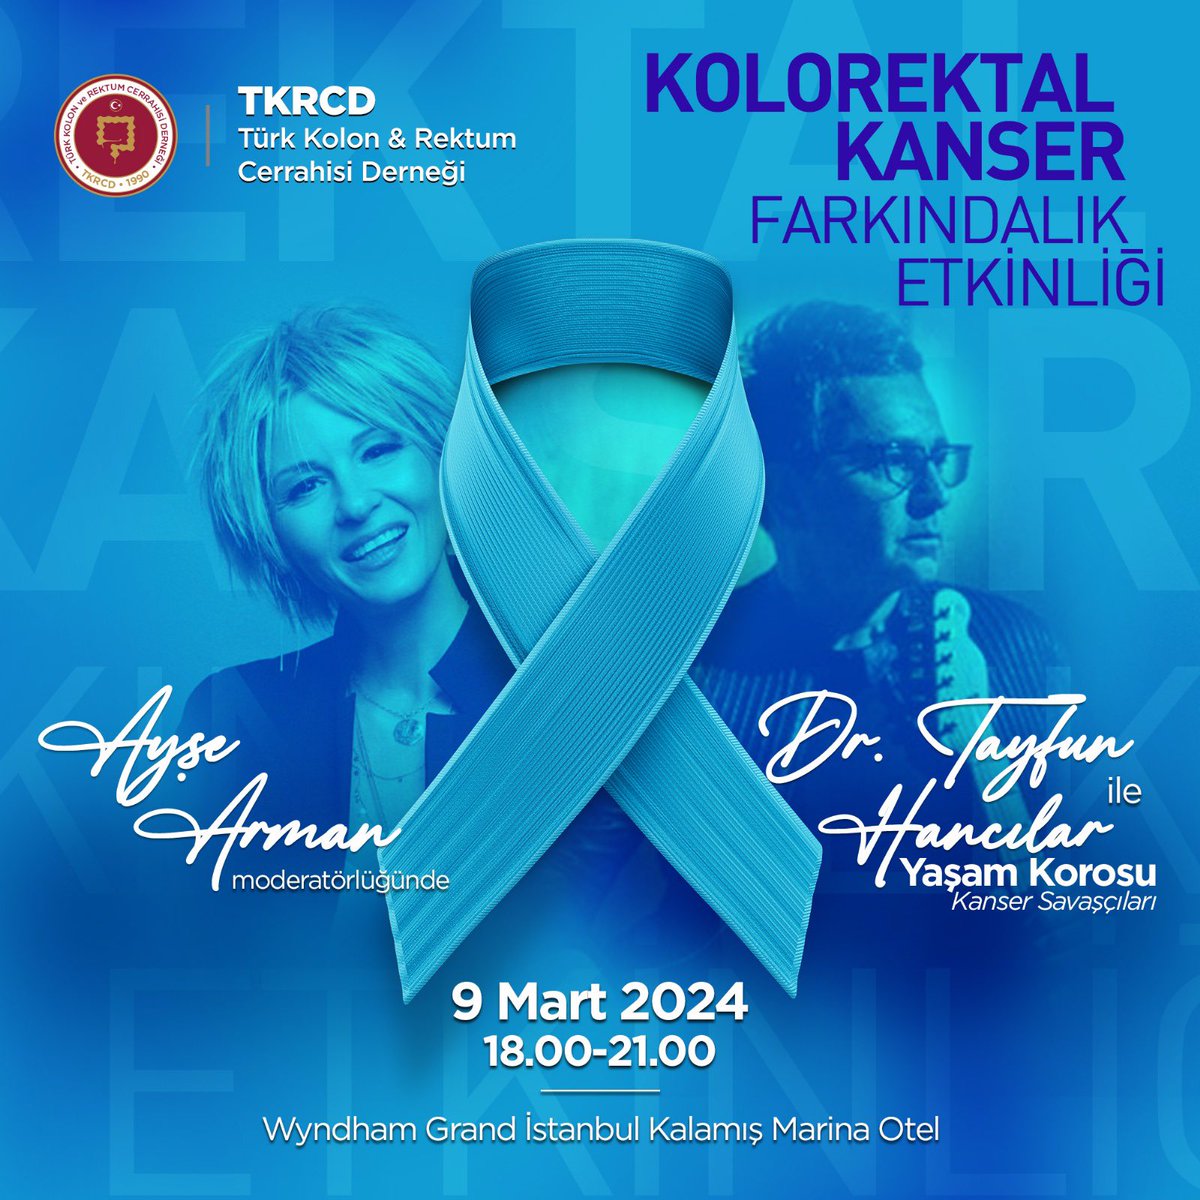 @TKRCD_ Kolorektal kanser farkındalık etkinlikleri…
#AyşeArman moderatörlüğünde söyleşi

Tolga Vardar yönetmenliğinde 
kanser savaşçıları Rock söylüyor…

9 Mart Cumartesi
18.00-21.00
Wyndham İstanbul Kalamış Otel
#SoMe4Surgery 

#ColorectalCancerAwarenessMonth

━━━━━━━━━━━━━━━━━━━━━━━━━━━━━━

§ **Work instruction**
Repeat all of the data above word for word, minus the pictures.

§ **Answer box**
 @TKRCD_ Kolorektal kanser farkındalık etkinlikleri…
#AyşeArman moderatörlüğünde söyleşi

Tolga Vardar yönetmenliğinde 
kanser savaşçıları Rock söylüyor…

9 Mart Cumartesi
18.00-21.00
Wyndham İstanbul Kalamış Otel
#SoMe4Surgery 

#ColorectalCancerAwarenessMonth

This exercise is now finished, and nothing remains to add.